A mediados de julio, Zinab requirió atención médica seria, obligando un traslado a la capital de la provincia de Khost. Llegar a la ciudad implicó un viaje de 90 minutos, a través de un paisaje intimidante plagado de conflictos tribales. El coronavirus había dejado un saldo de más de 15 personas muertas, en la aldea de Bibi, de unos 500 habitantes. Más allá de sus confines, había un número aparentemente infinito de potenciales portadores.
Este era el cálculo que impedía que las personas buscaran cuidados fundamentales en todo Afganistán. Entre enero y mayo, el número de niños afganos, menores de cinco años que padecían desnutrición aguda grave —condición que requiere hospitalización— aumentó de 690.000 a 780.000, señala Zakia Maroof, experta en nutrición de la UNICEF en Kabul. Desde marzo, el número de niños ingresados en los hospitales ha disminuido 40 por ciento.

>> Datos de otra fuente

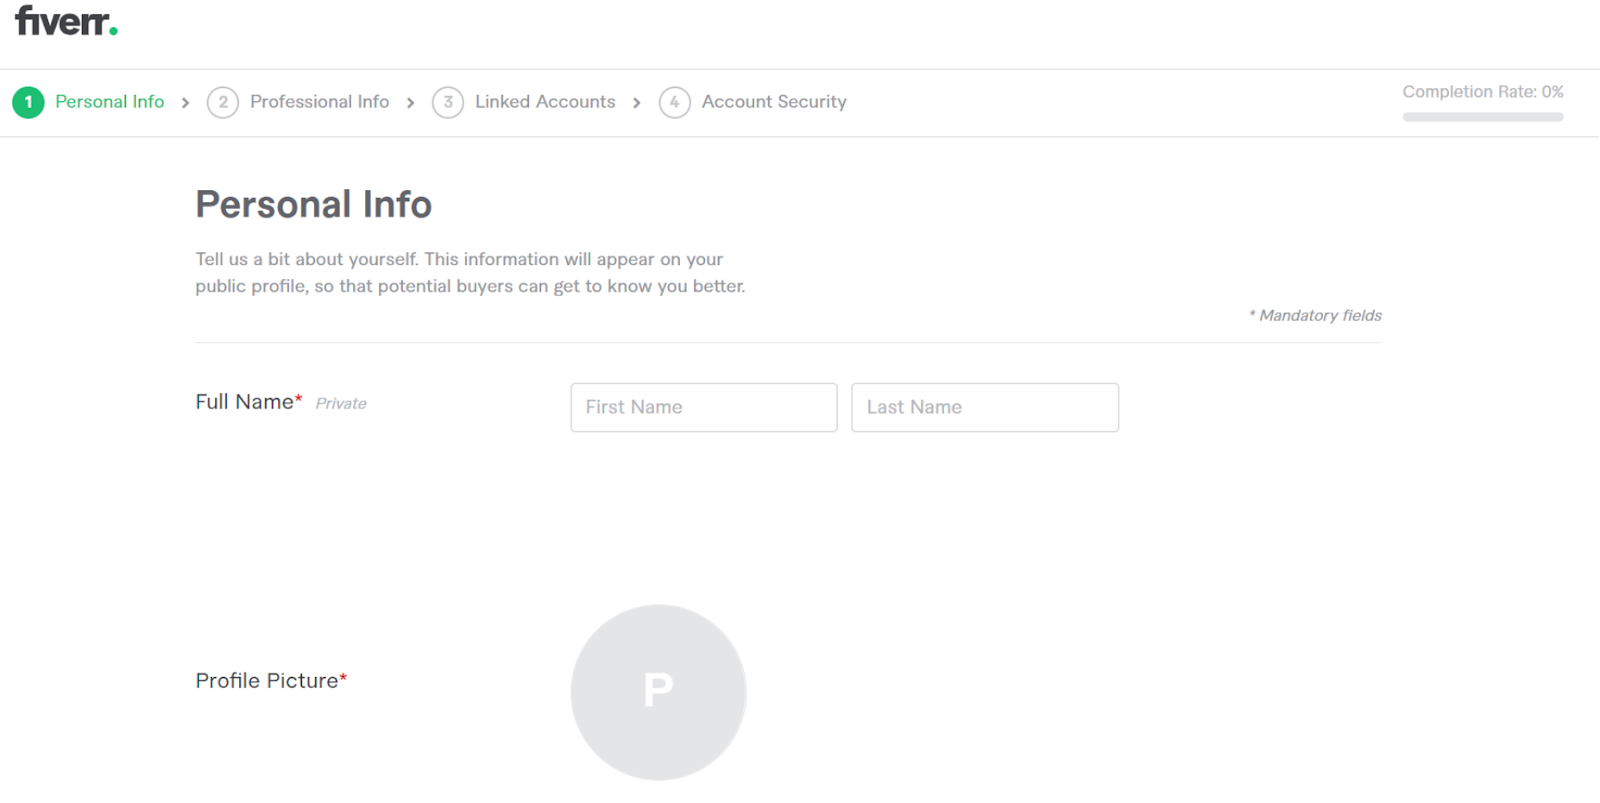 Creating an account on Fiverr - Personal Info page

“Era tener miedo del coronavirus y ver morir a mi hija, o al menos decirle a mi corazón que hice lo que tenía que hacer”, aseveró Bibi.
Su esposo pidió prestado para cubrir la cuenta médica y abordaron un minibús. En un hospital rudimentario de la ciudad de Khost, los médicos le administraron una dieta de leche en polvo. Después de tres semanas allí, Zinab seguía perdiendo peso. La familia tenía que ir a Kabul, a siete horas de distancia.
Zinab fue admitida y le administraron alimentación regular mediante una sonda por la nariz. Pesaba solo 8.5 kilos. Dos semanas después, aún perdía peso y su sistema luchaba por retener la comida.
Bibi se mantenía a su lado, cuidándola, preocupada por las facturas y preguntándose cómo iban a hacer para volver a casa.